DNS and HTTPS are always included. DNS because it is the most common interference vector globally — DNS tampering accounts for the majority of censorship events in our dataset. HTTPS because TLS handshake interference (connection reset, invalid certificate injection) is the second most common. HTTP is added only when the domain has a known HTTP endpoint or when we have previously seen HTTP-specific blocking in the country — a block page served on HTTP/80 while HTTPS/443 returns a timeout, for instance. TCP is added specifically when we have seen TCP RST injection or null-routing in the country's history for this domain.

In practice, most domains in low-censorship countries are measured on 2 protocols (DNS + HTTPS). Domains in high-censorship countries with active block histories are measured on all 4. The weighted average across the global probe network is 2.7 protocols per domain per window — a meaningful reduction from the naive assumption of 4.

Jitter and anti-detection

A probe that queries all 50 of its assigned domains in rapid burst — one after another within a few seconds — is behaviorally distinguishable from normal user traffic. ISPs operating deep-packet inspection infrastructure in censorship-heavy jurisdictions have deployed systems that flag bursty multi-domain request patterns originating from the same IP address. We have seen evidence of this in anomaly rates for probes that have been running for extended periods in CN, RU, and IR: probes that run unjittered cycles accumulate steadily worsening false-negative rates as the ISP appears to begin routing their traffic through a lighter-touch inspection path (or silently disrupts their measurements in ways that produce apparent success rather than detectable failure).

The scheduler defends against this by spreading each probe's task list across the 5-minute window, with per-task randomization:

def apply_jitter(tasks: list[MeasurementTask], window_s: int) -> list[MeasurementTask]:
    # Spread tasks across the window, with ±15% randomness
    base_interval_ms = (window_s * 1000) // len(tasks)
    for i, task in enumerate(tasks):
        task.jitter_ms = int(
            i * base_interval_ms +
            random.uniform(-0.15 * base_interval_ms, 0.15 * base_interval_ms)
        )
    return tasks

For a 50-task plan in a 300-second window, the base interval is 6,000 ms per task.
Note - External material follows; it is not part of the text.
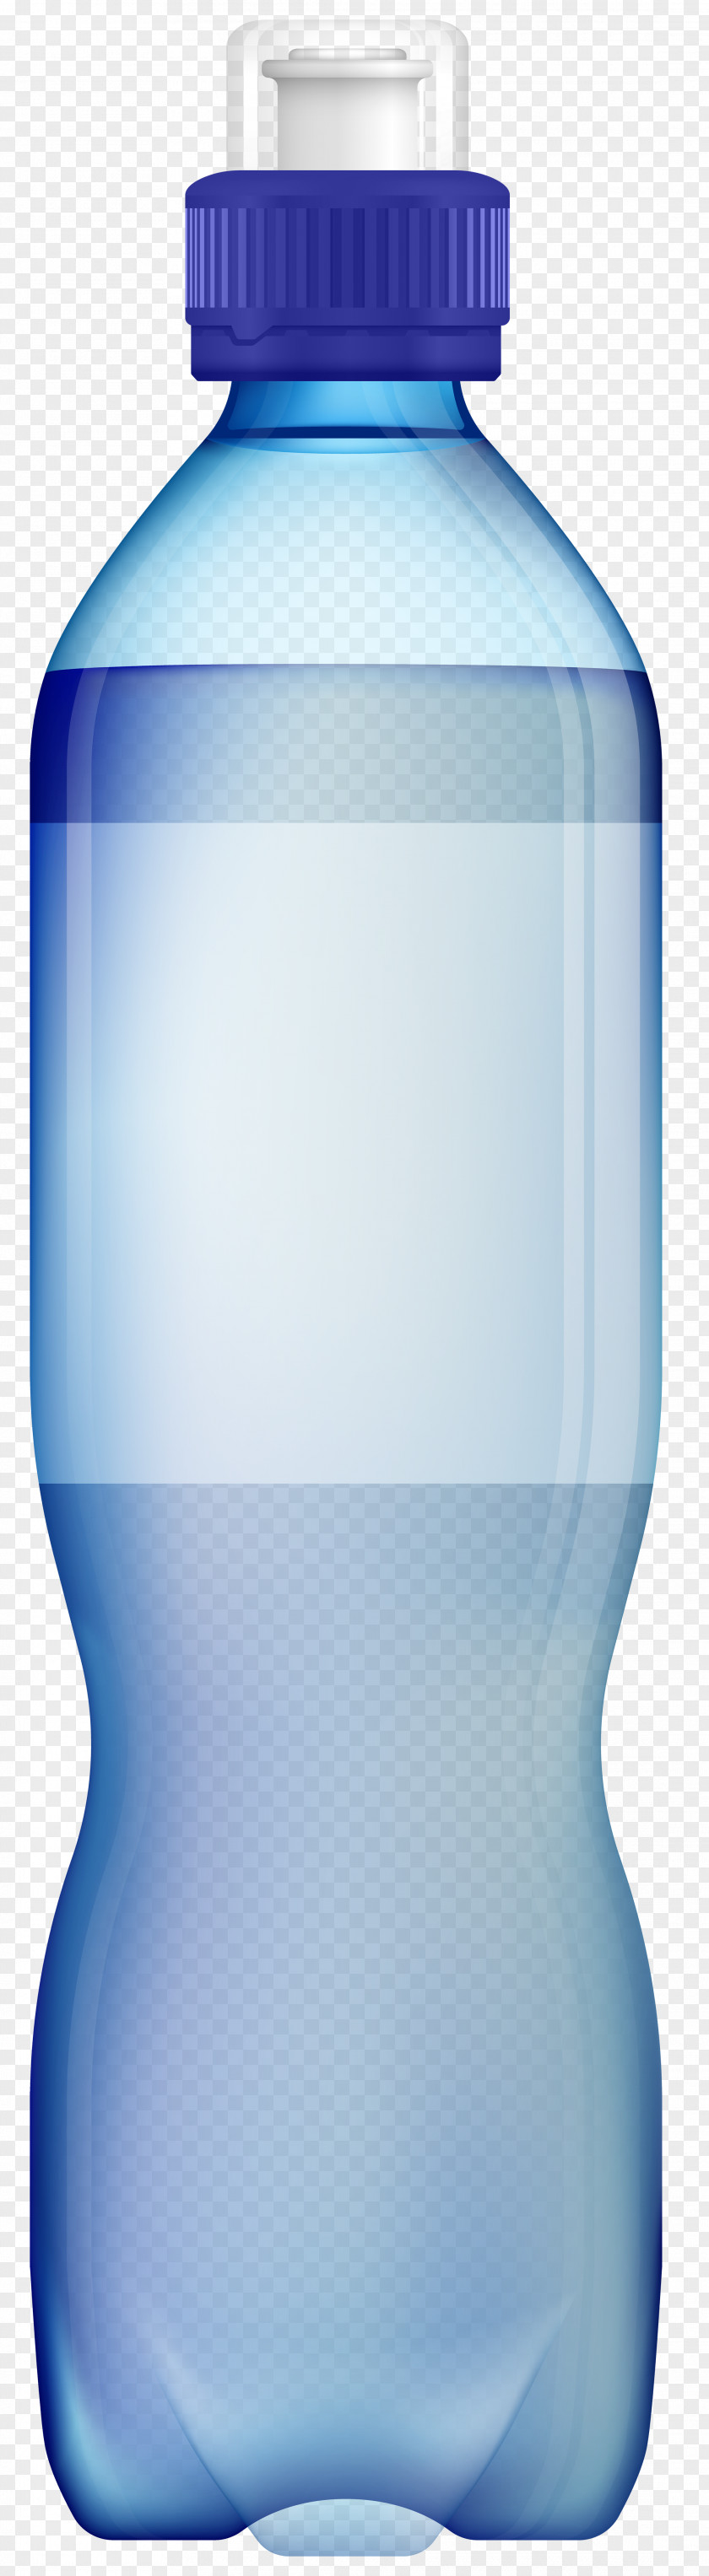 Bottle Water Bottles Bottled Plastic Clip Art PNG

With ±15% jitter, the inter-task delay varies from roughly 5.1 to 6.9 seconds. The resulting traffic pattern — spaced HTTPS requests mixed with occasional DNS queries and HTTP requests — is consistent with normal browser behavior for a user visiting multiple sites sequentially.

For probes in high-risk countries (CN, RU, IR, BY, VN), the scheduler applies two additional anti-detection measures beyond basic jitter. First, the domain order within the plan is fully randomized on each window — the same domain does not appear at the same position in the sequence across successive windows. Second, a random 10–15% of tasks are deliberately skipped and deferred to the next window. This means no two consecutive 5-minute cycles from the same probe look identical in timing or coverage, which defeats statistical pattern-matching against an expected probe signature. The skipped tasks are automatically compensated by the recency boost in the priority calculation, so they are scheduled with elevated priority in the following window.

ASN distribution across probes in the same country

For countries with multiple active probes, the scheduler has an additional coordination task: ensuring that each domain is measured from at least 2 different ASNs in each window. This is the foundation of the cross_asn_consistency field in the dataset — a field that is only meaningful when the underlying measurements actually came from different autonomous systems rather than two probes on the same ISP.

def assign_asn_distribution(
    probes: list[ProbeInfo],
    domains: list[str]
) -> dict[str, list[str]]:
    """Returns {domain: [probe_id, ...]} assignment."""
    # Group probes by ASN
    asn_groups = group_by_asn(probes)

    assignment = {}
    for domain in domains:
        # Pick at least one probe from each ASN group
        chosen = []
        for asn, asn_probes in asn_groups.items():
            chosen.append(random.choice(asn_probes))
        assignment[domain] = [p.probe_id for p in chosen]

    return assignment

If a country has probes on 3 ASNs, every domain in the high-priority tier will be measured from all 3 ASNs in each window. Medium-priority domains are assigned to at least 2 ASN groups per window. Low-priority domains may be assigned to only 1 ASN group in a given window, rotating across ASNs over successive windows so that coverage across all vantage points is maintained over a 20-minute horizon.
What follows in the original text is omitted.